Inteligência artificial x ética?
No centro desta polêmica, está uma questão que os filósofos estéticos, artistas e engenheiros da computação vêm refletindo há tempos: qual é a essência fundamental da arte?
Allen diria que a resposta é "transformação". Para ele, qualquer coisa que alguém faça que evoque uma reação de seu público é arte. "Você pegou algo de dentro e o exteriorizou. Você o trouxe ao mundo, e o mundo reagiu. Isso é arte.", disse Allen.
Mas, o crescente clamor de artistas contra o prêmio e a discussão sobre se a produção criada pela IA é realmente arte, tem um grande peso.
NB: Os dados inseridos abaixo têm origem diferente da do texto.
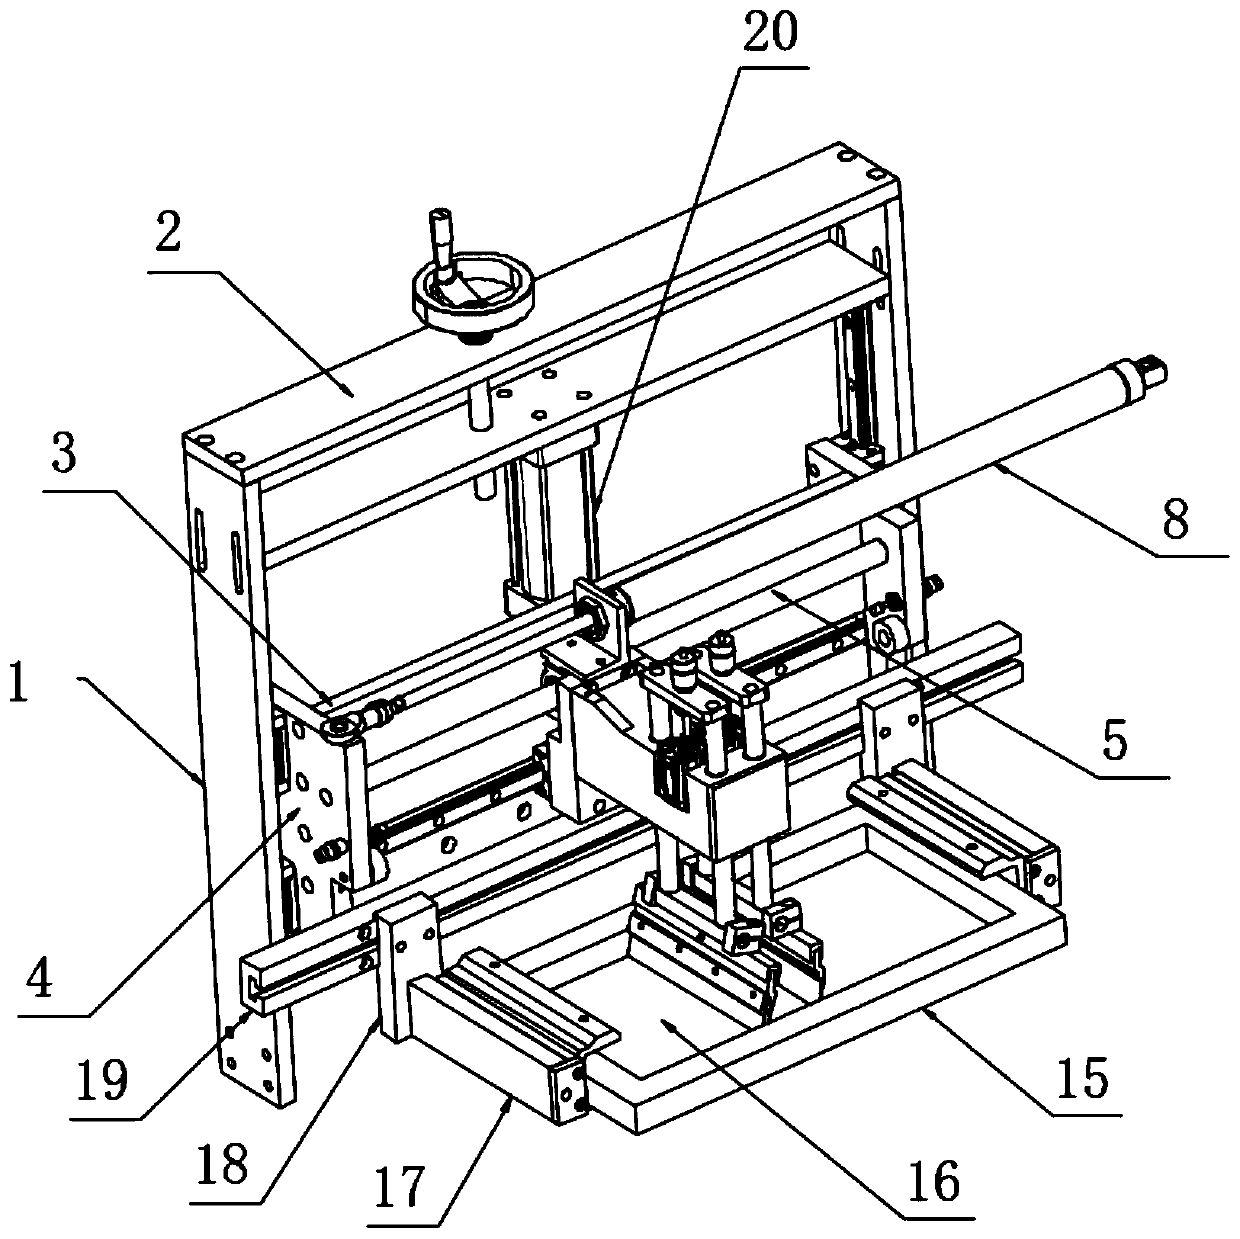 Silk-screen assembling machine
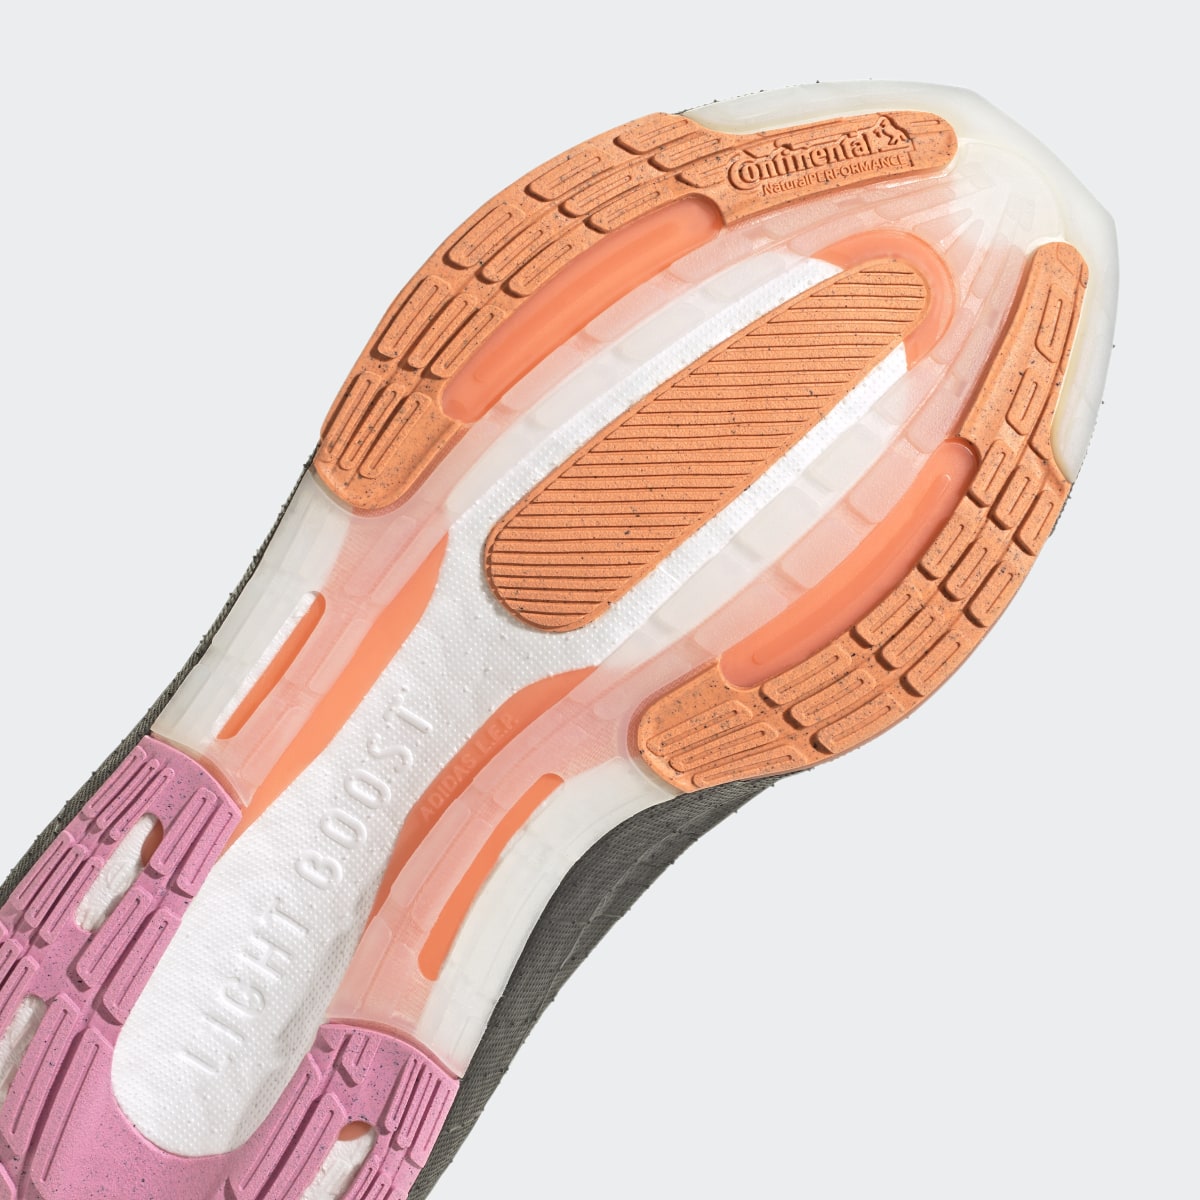 Adidas Ultraboost Light Running Shoes. 9

Sobretudo porque Allen é o fundador e presidente da empresa norte-americana Incarnate Games, que explora mercados emergentes e novas tecnologias e seu impacto na indústria de jogos, fato que não vai exatamente de encontro ao dos interesses da classe artística.
Então, ficam aqui os questionamentos: é realmente ético usar uma ilustração concebida por inteligência artificial em uma competição de belas artes? Deveria existir uma categoria apenas para peças feitas por meio de IA? O trabalho dos artistas está em risco diante dessa nova possibilidade de criação?
Quando o computador Deep Blue derrotou o grande mestre de xadrez Garry Kasparovem em seu próprio jogo há mais de 25 anos, não houve um grande protesto declarando a morte dos jogadores de xadrez. Não podemos afirmar, porém, que a situação é a mesma.
O que fica de lição é a urgência de entendermos cada vez mais como aplicarmos a ética à IA, quando o assunto é o impacto da tecnologia em atividades essencialmente humanas.